Per a request in the comments of my previous post, let me post a few more of my notes about Yasukuni Shrine.

First of all, it is an independent religions organization not directly affiliated with the government. Over 2 million soldiers are memorialized in Yasukuni. The votes of these relatives have value, but it isn't since the Koizumi days that the media have started picking it up as a big deal. Koizumi ran for office three times before he was successful. The first two times, visits to Yasukuni were never part of Koizumi's campaign, but starting with the third try against Hashimoto, he promised to visit Yasukuni as Prime Minister to try to take this swing vote from the Hashimoto faction. Some believe that this was key to his winning the fourth election. There appears to be some "logic" in domestic politics for his action. However, I think there is a consensus that it makes no sense from a foreign policy perspective and even the US which has been rather neutral on the issue in the past seems to be concerned. On the other hand, some polls show the Japanese public divided on the issue. The Sankei newspaper is currently the only newspaper supporting Koizumi's visits the Yasukuni Shrine. The Yomiuri, which once supported his visits, now criticizes them. Some people believe that maybe there is some secret plan to use this as a bargaining chip with China in the future. However, most people believe that even if this ends up happening it was not particularly planned by Koizumi.
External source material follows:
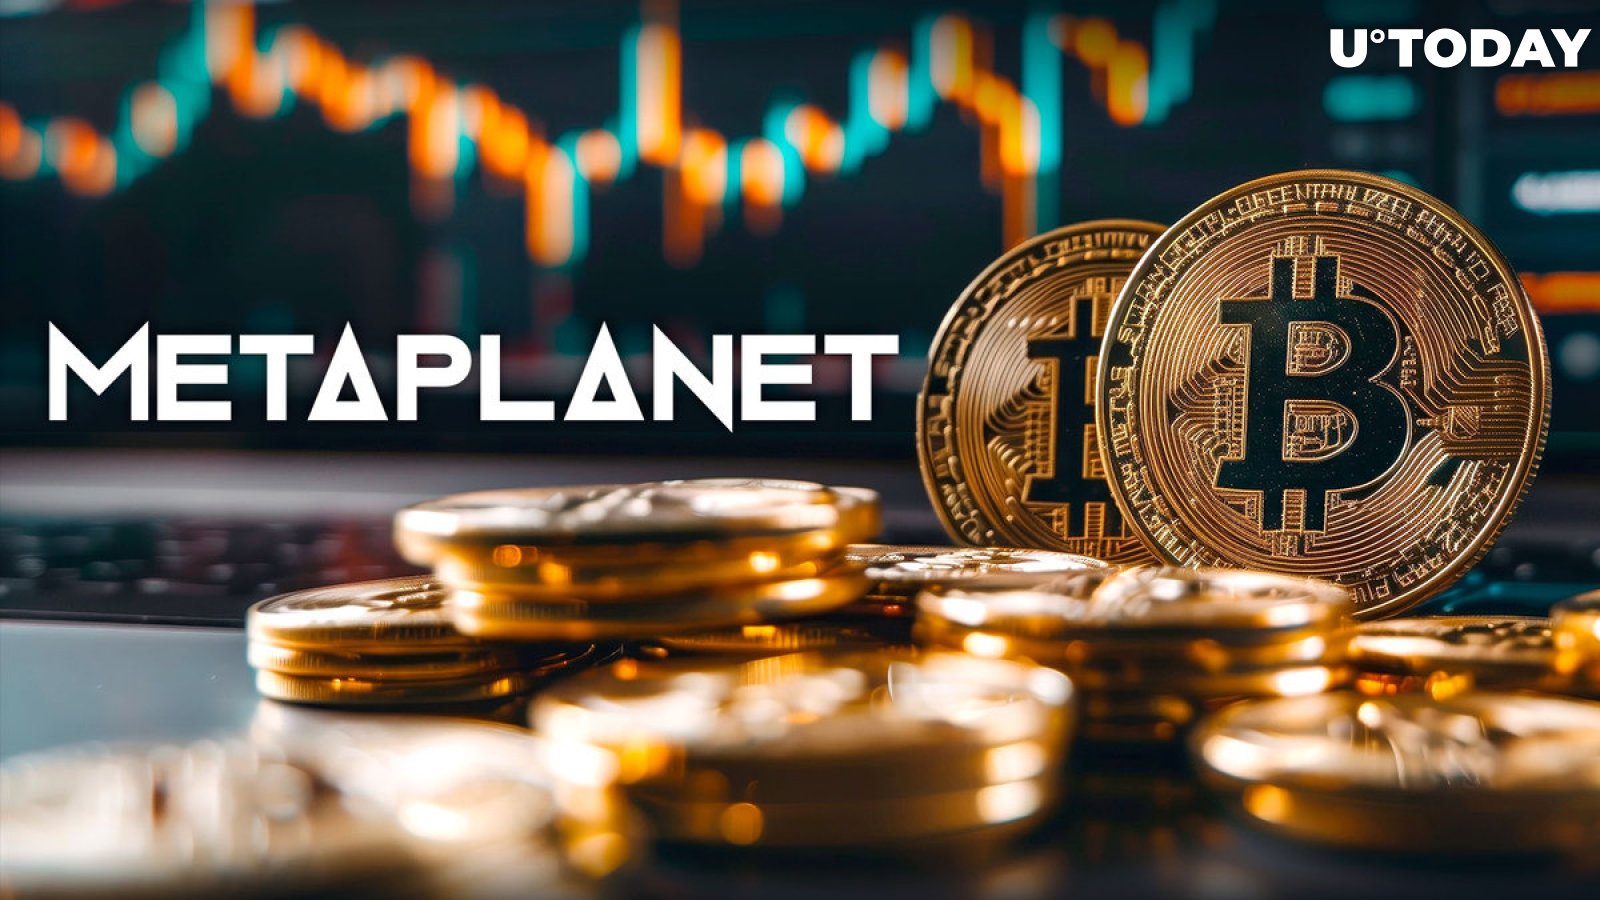 Metaplanet Makes Move to Buy More Bitcoin (BTC)

One expert in Japanese religion at this meeting pointed out that the original Nara Buddhism does not memorialize the dead or believe in heaven. He argued that the religious underpinnings of the necessity of memorializing the war dead didn't make sense under real Japanese Buddhism and that we should stop making such memorials in Japan... that Japan should go back to Nara Buddhism where once you died, you were dead. Full stop. Another person commented that there is a division of state and church under the Japanese constitution and these visits are a violation.

This is reiterating the obvious, but the two main point are the class A war criminals memorialized there and probably the war museum. The war museum tries to argue that the WWII was justified.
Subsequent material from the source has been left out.